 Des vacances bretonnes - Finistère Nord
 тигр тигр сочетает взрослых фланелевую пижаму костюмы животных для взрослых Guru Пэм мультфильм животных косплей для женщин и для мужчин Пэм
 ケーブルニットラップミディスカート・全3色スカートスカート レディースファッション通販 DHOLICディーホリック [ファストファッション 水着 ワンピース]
==
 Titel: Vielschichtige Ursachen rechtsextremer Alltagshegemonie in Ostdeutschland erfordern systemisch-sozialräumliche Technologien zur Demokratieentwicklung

Aim of the exercise: Look above for the line with "Des vacances bretonnes - Finistère Nord" and the line with "ケーブルニットラップミディスカート・全3色スカートスカート レディースファッション通販 DHOLICディーホリック". Write out those two lines and all the lines between them, exactly, and no others.

Result of the task:
 Des vacances bretonnes - Finistère Nord
 тигр тигр сочетает взрослых фланелевую пижаму костюмы животных для взрослых Guru Пэм мультфильм животных косплей для женщин и для мужчин Пэм
 ケーブルニットラップミディスカート・全3色スカートスカート レディースファッション通販 DHOLICディーホリック [ファストファッション 水着 ワンピース]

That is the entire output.